On Fri, Sep 21, 2018 at 8:49 AM Ilya Kasnacheev <[email protected]>
wrote:
> Hello!
>
> Can you share a reproducer project which loads (or generates) data for
> caches and then queries them? I could try and debug it if I had the
> reproducer.
>
> Regards.
> --
> Ilya Kasnacheev
>
>
> чт, 20 сент. 2018 г. в 21:05, eugene miretsky <[email protected]>:
>
>> Thanks Ilya,
>>
>> Tried it, no luck.
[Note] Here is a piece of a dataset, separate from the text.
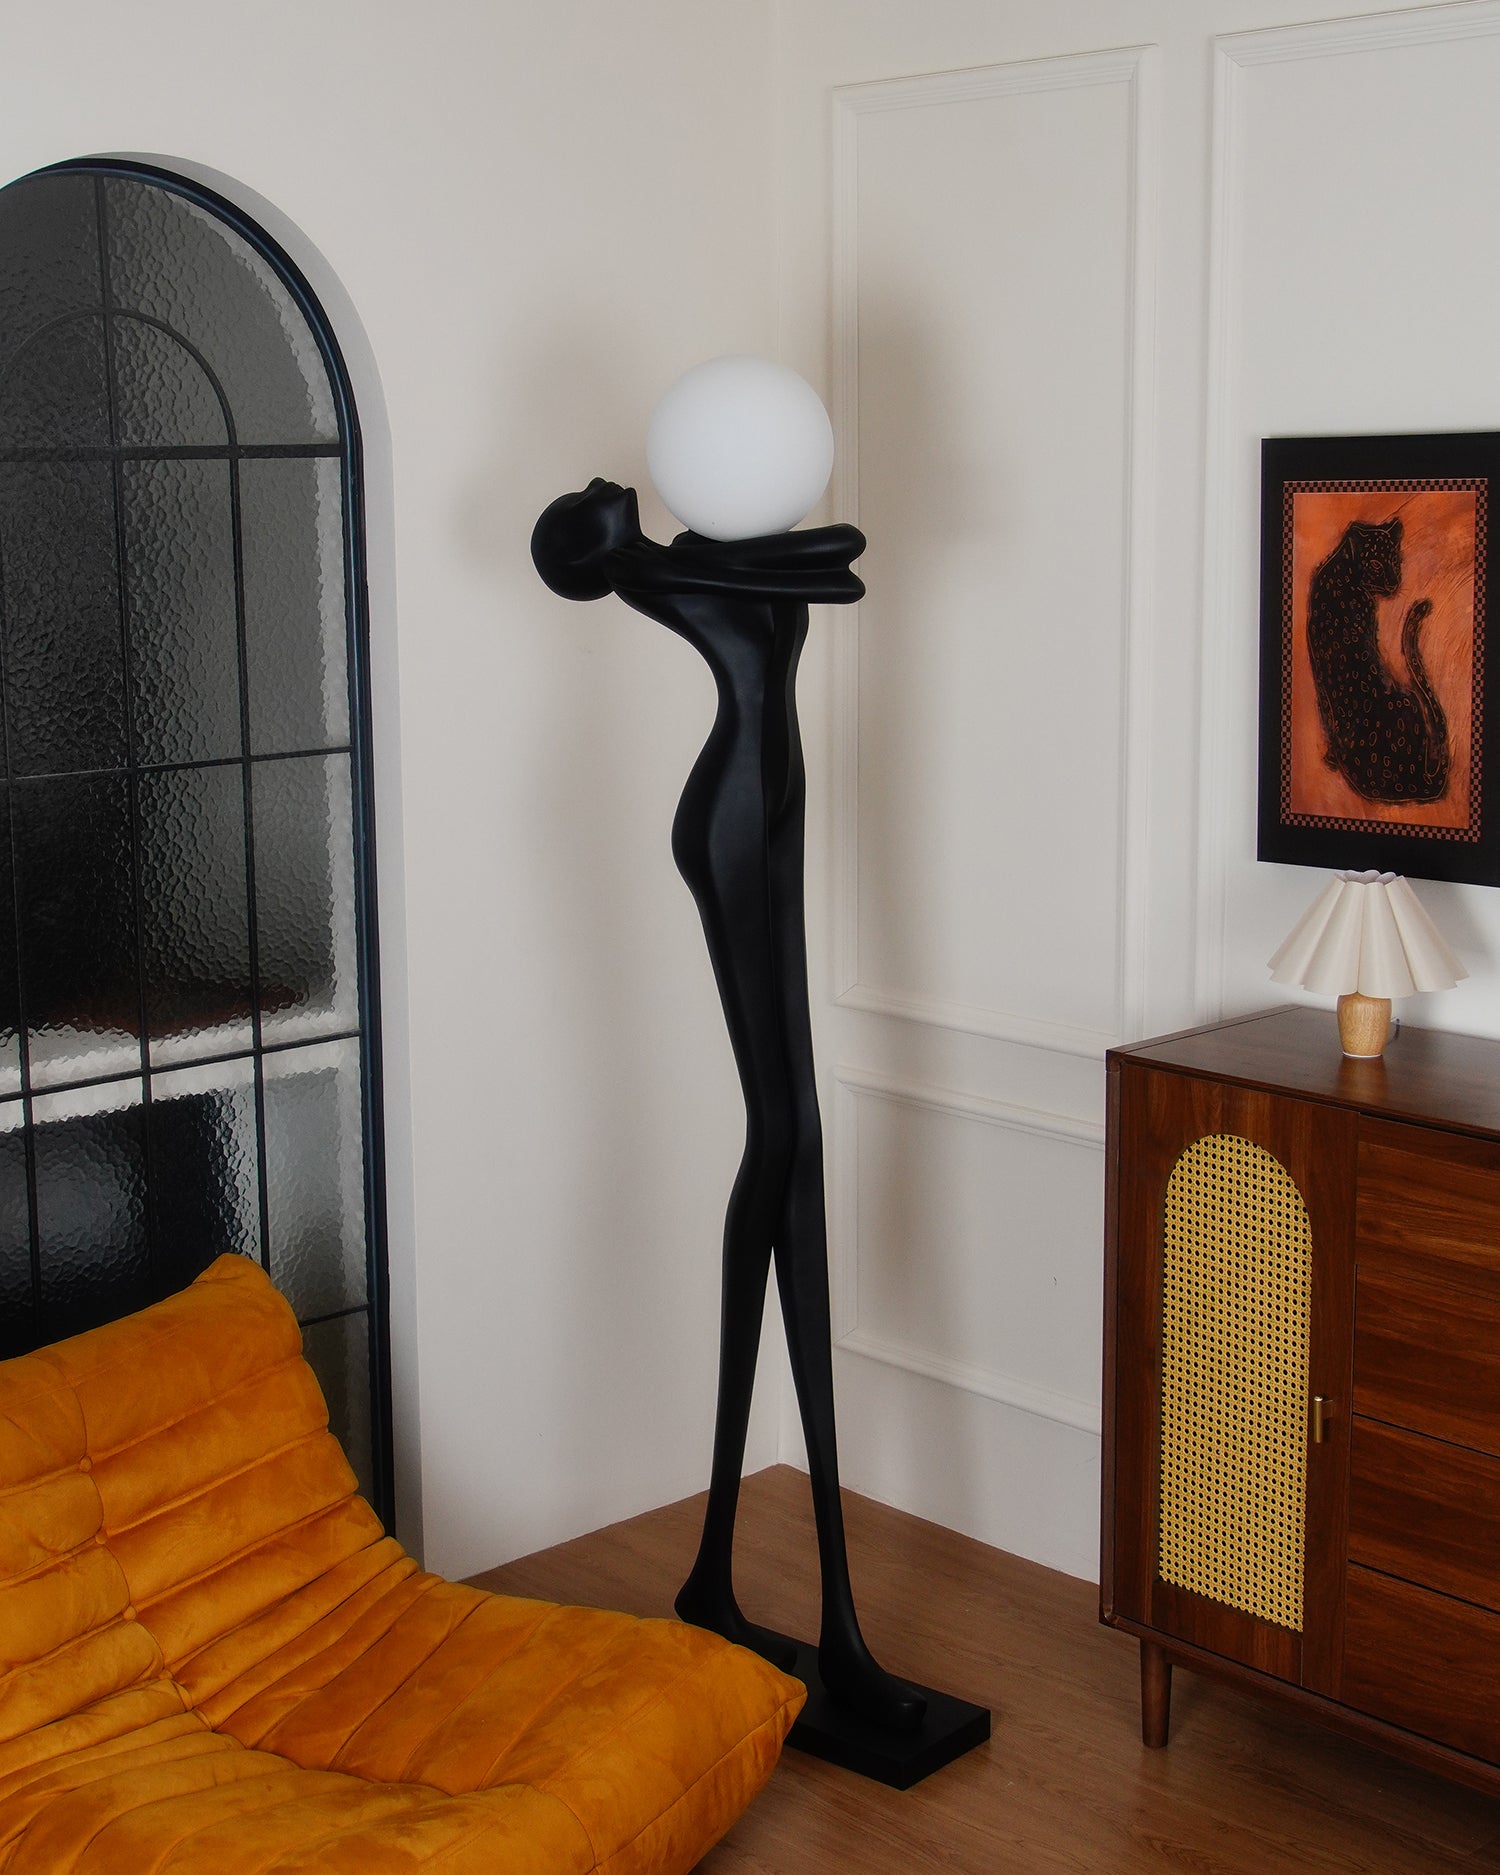 Moca Sculpture Floor Lamp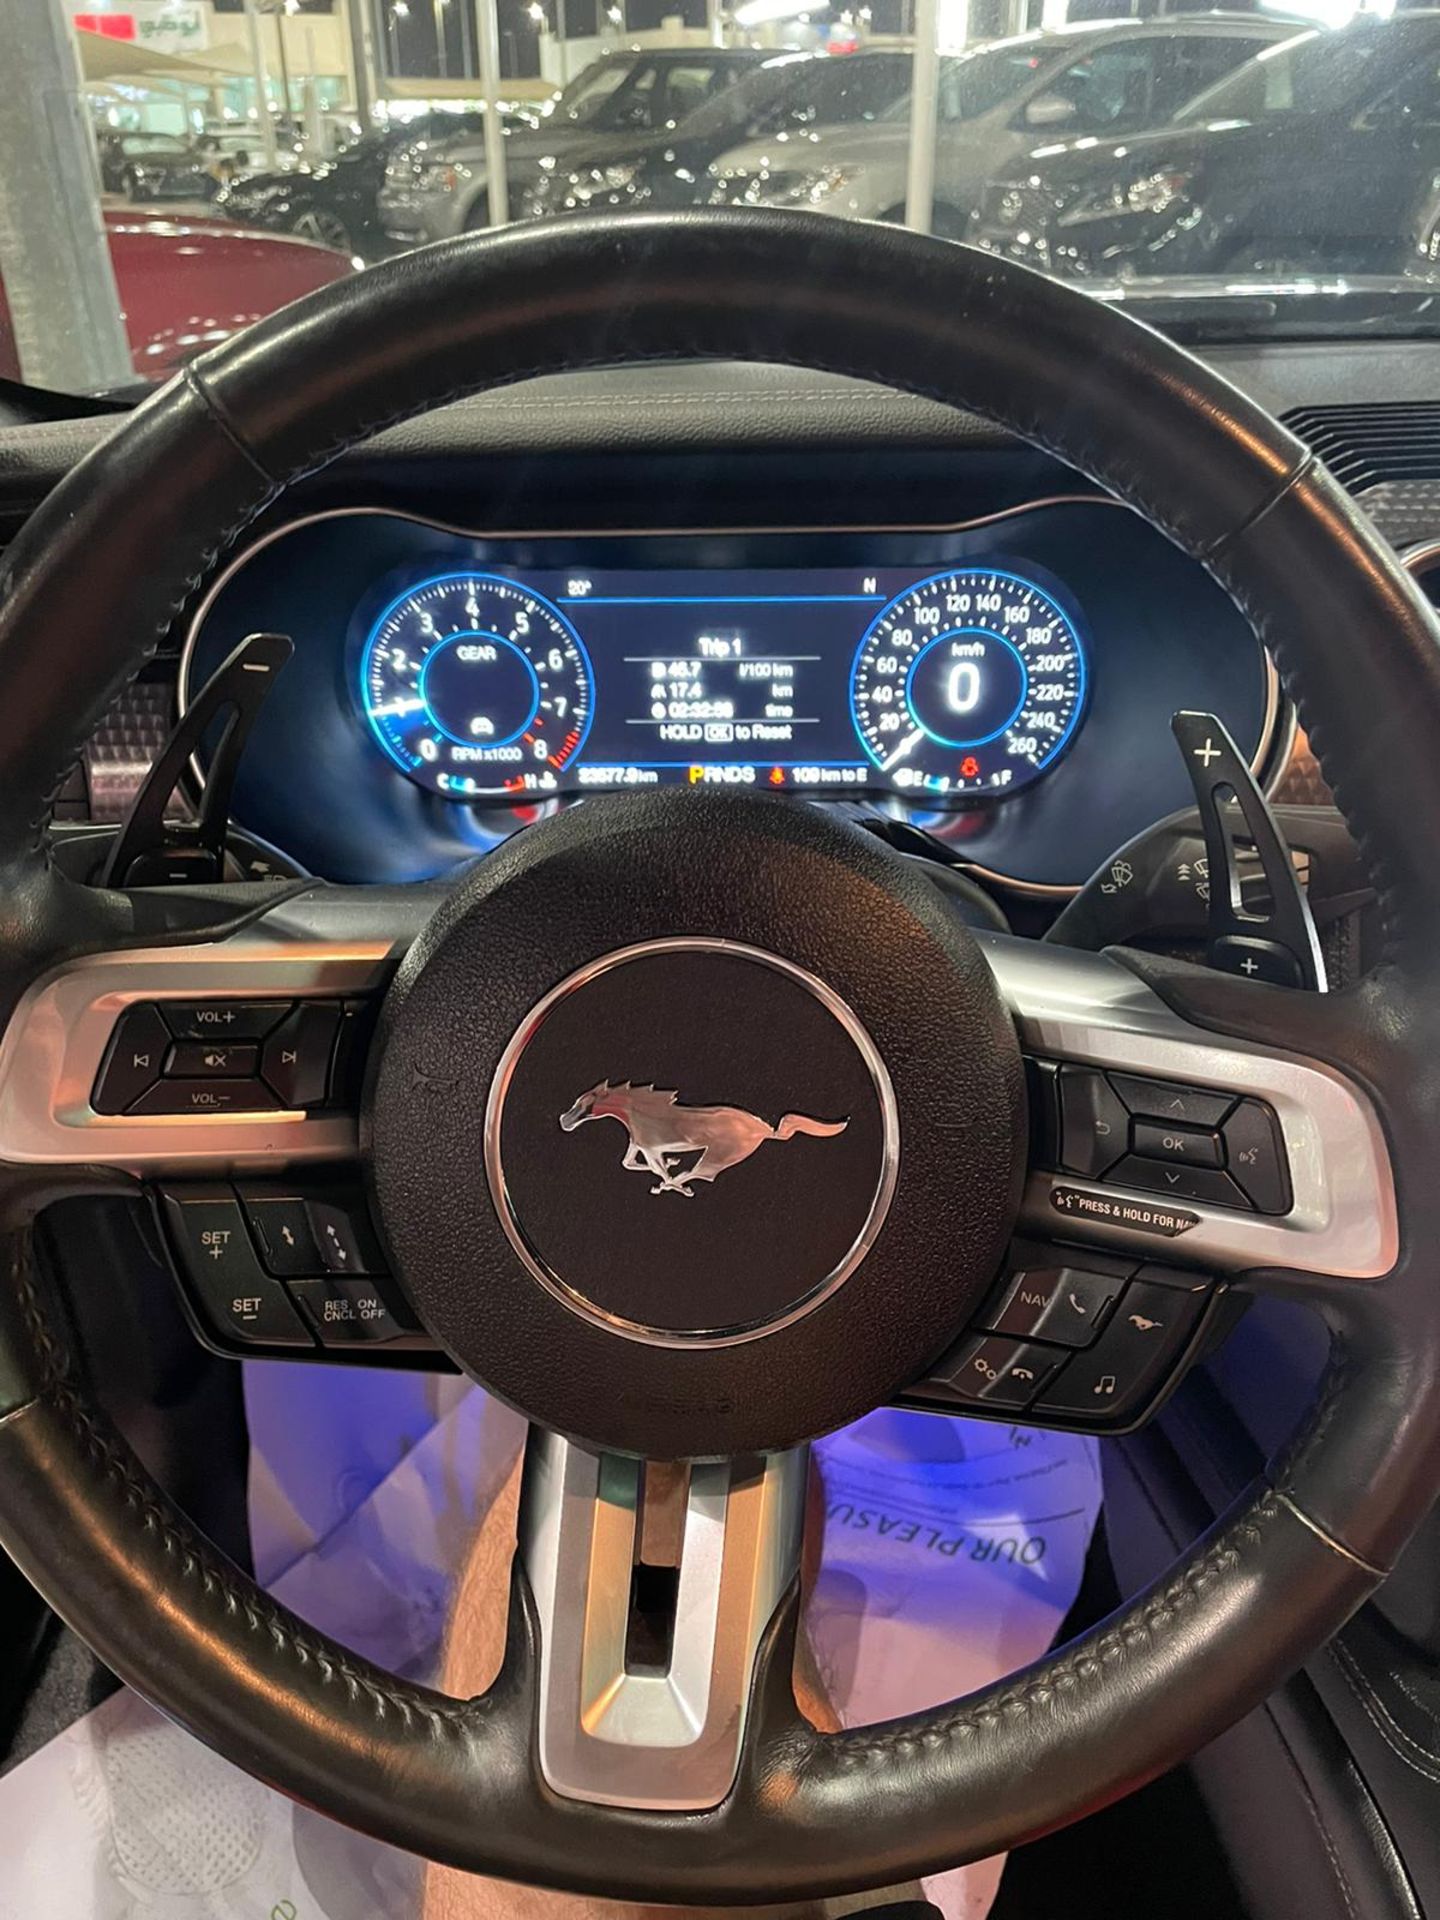 2019 mustang gt 5.0 V8 Shelby body kit 15,000 km. Uk mid APRIL With nova *PLUS VAT* - Image 5 of 9

It performs the same as when using category_id index
>> alone (slow).
>> Any combindation I try either uses AFFINITY_KEY or category index. When
>> it uses category index it runs slowers.
>>
>> Also, when AFFINITY_KEY key is used, the jobs runs on 32 threads (my
>> query parallelism settings ) when category_id is used, the jobs runs on one
>> thread most of the time (first few seconds it looks like more threads are
>> doing work).
>>
>> Please help on this. It seems like a very simple use case (using affinity
>> key and another index), either I am doing something extremly silly, or I
>> stumbled on a bug in Ignite that's effecting a lot of people.
>>
>> Cheers,
>> Eugene
>>
>> On Thu, Sep 20, 2018 at 6:22 AM Ilya Kasnacheev <
>> [email protected]> wrote:
>>
>>> Hello!
>>>
>>> > 2) ga_customer_and_category_id: on customer_id and category_id
>>>
>>> Have you tried to do an index on category_id first, customer_id second?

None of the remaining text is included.